I can imagine that the first question on many minds is something along the lines of, “Why does the president of a Federal Reserve Bank care about artificial intelligence (AI), machine learning (ML), and these other emerging technologies? Doesn’t the Fed only care about interest rates?”

That’s a fair question. After all, there is nothing about technology noted in the Federal Reserve’s dual mandate — the focus for our work which Congress handed down to us in the 1970s to clarify our goal as a central bank. The dual mandate says that the Fed must be concerned, first and foremost, with securing stable prices and maximum employment for the American people.

But if you look deeper, you will see an entire range of issues which emanate, whether directly or indirectly, from the dual mandate.

Two months ago, I had the privilege of speaking to students at Tulane University. The title of that lecture was, somewhat also fitting for tonight, The Federal Reserve: It’s More Than Just Interest Rates.

And that also, I think, works in describing my own life’s journey which led to my current position. I am not an economist in the pure sense. I did not set out in my own education to become an economist. By education and training, I am an engineer, specifically a civil engineer — infrastructure, transportation, and the like.

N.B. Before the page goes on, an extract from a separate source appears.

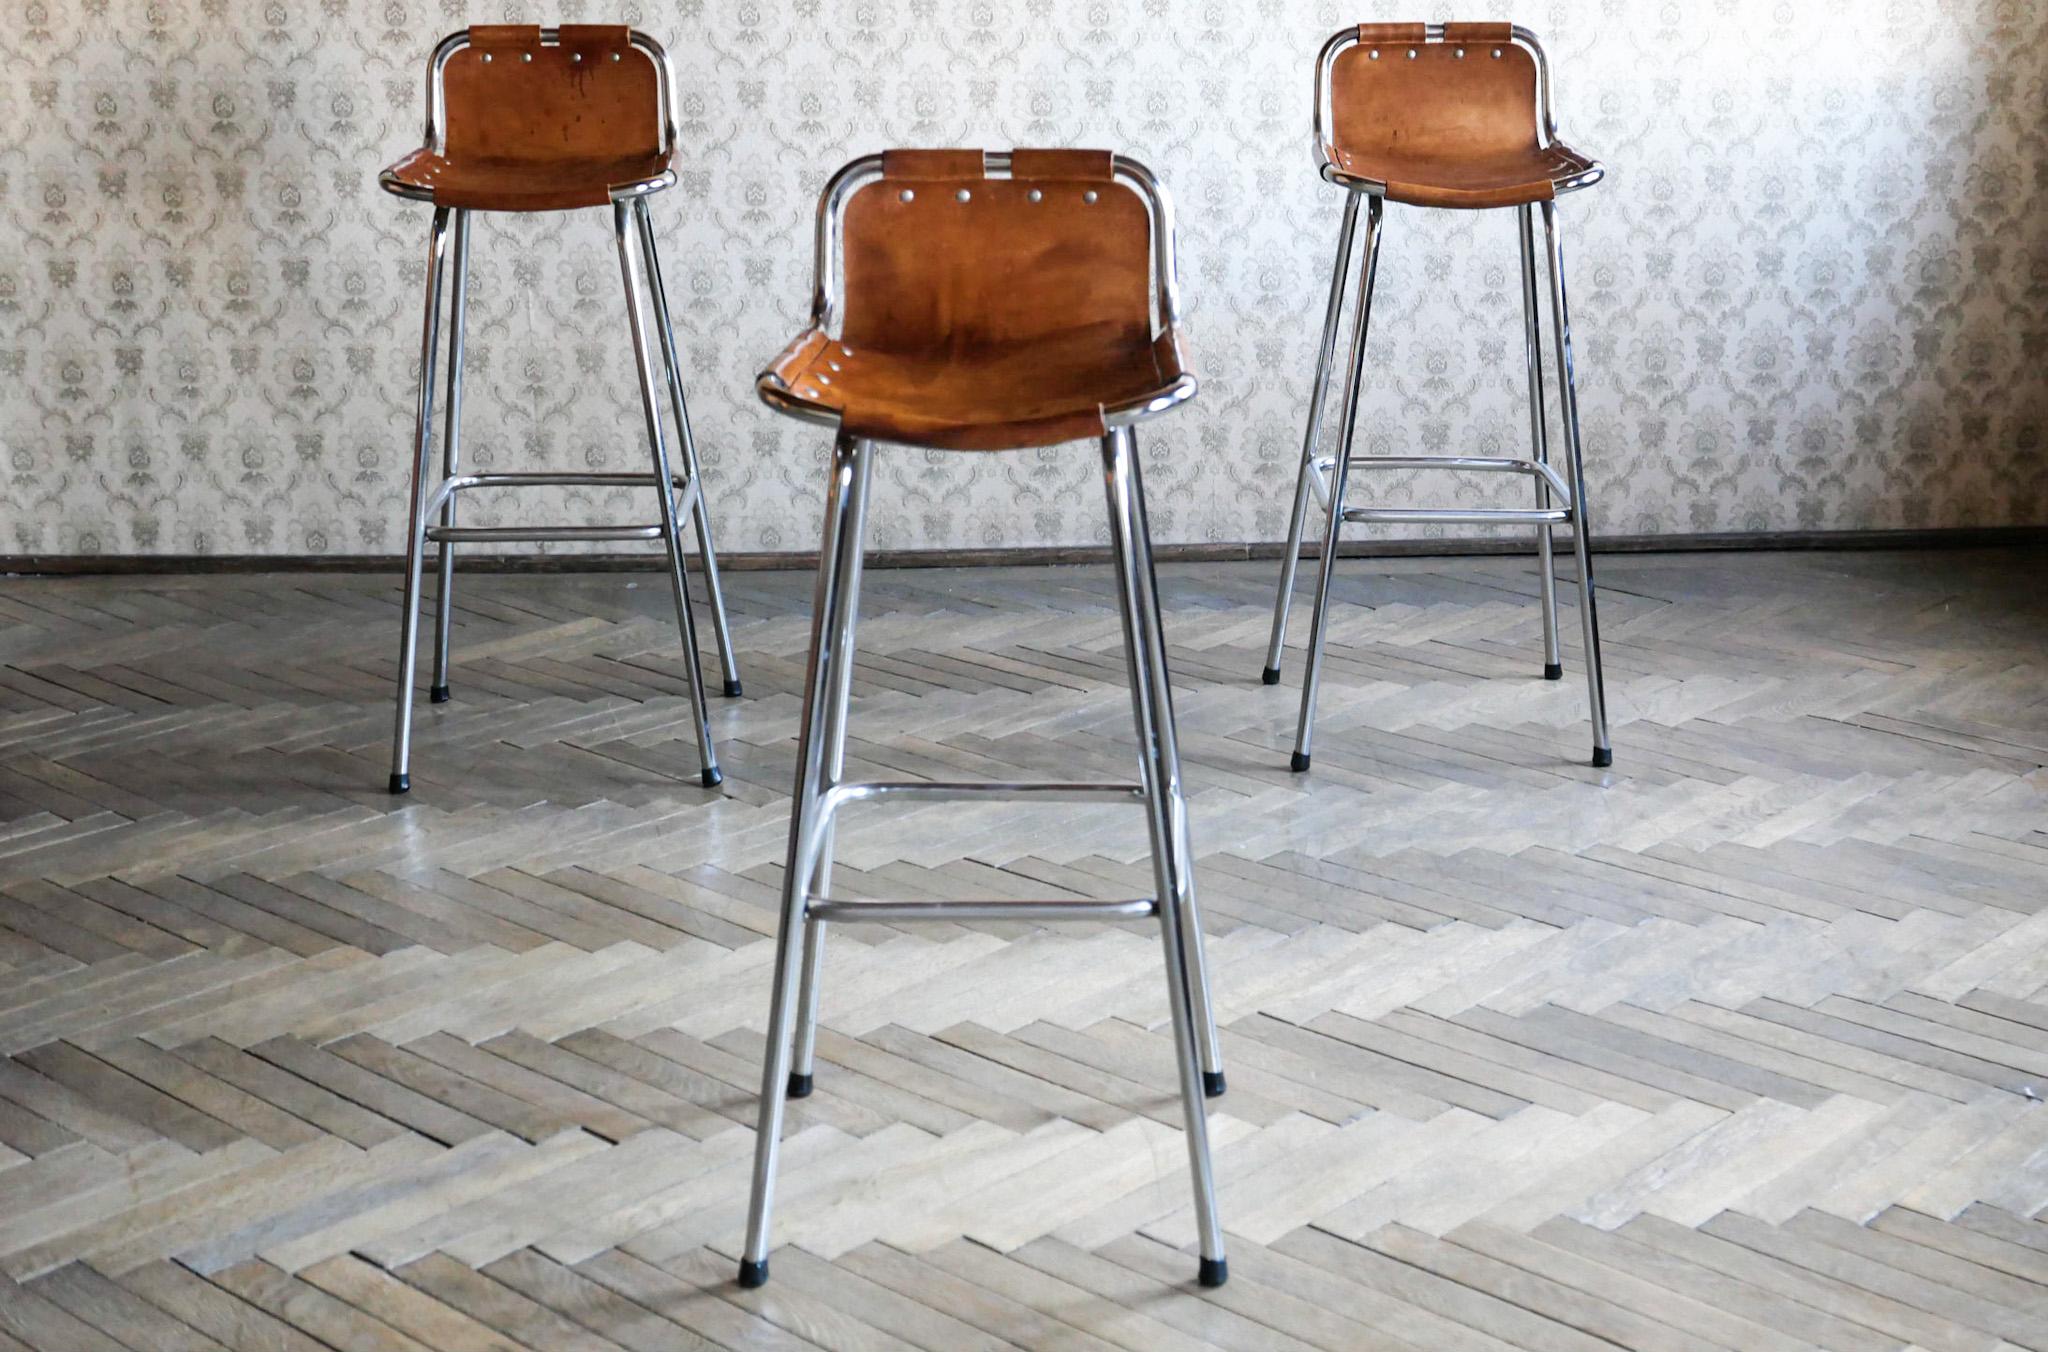 French Mid-Century Modern Brown Saddle Leather Bar Stools, Ch. Perriand, France, 1960s

It was actually my engineering work which led me to economics. Years ago, I was working on an engineering problem related to railroads. I realized that finding the solution required me to understand the underlying economics. So, back to school I went.

One of the things that has struck me over time is how much economists and engineers have in common. Beyond the fact that we aren’t considered by some as the most exciting party guests. Not that the study of either discipline leaves much time for parties.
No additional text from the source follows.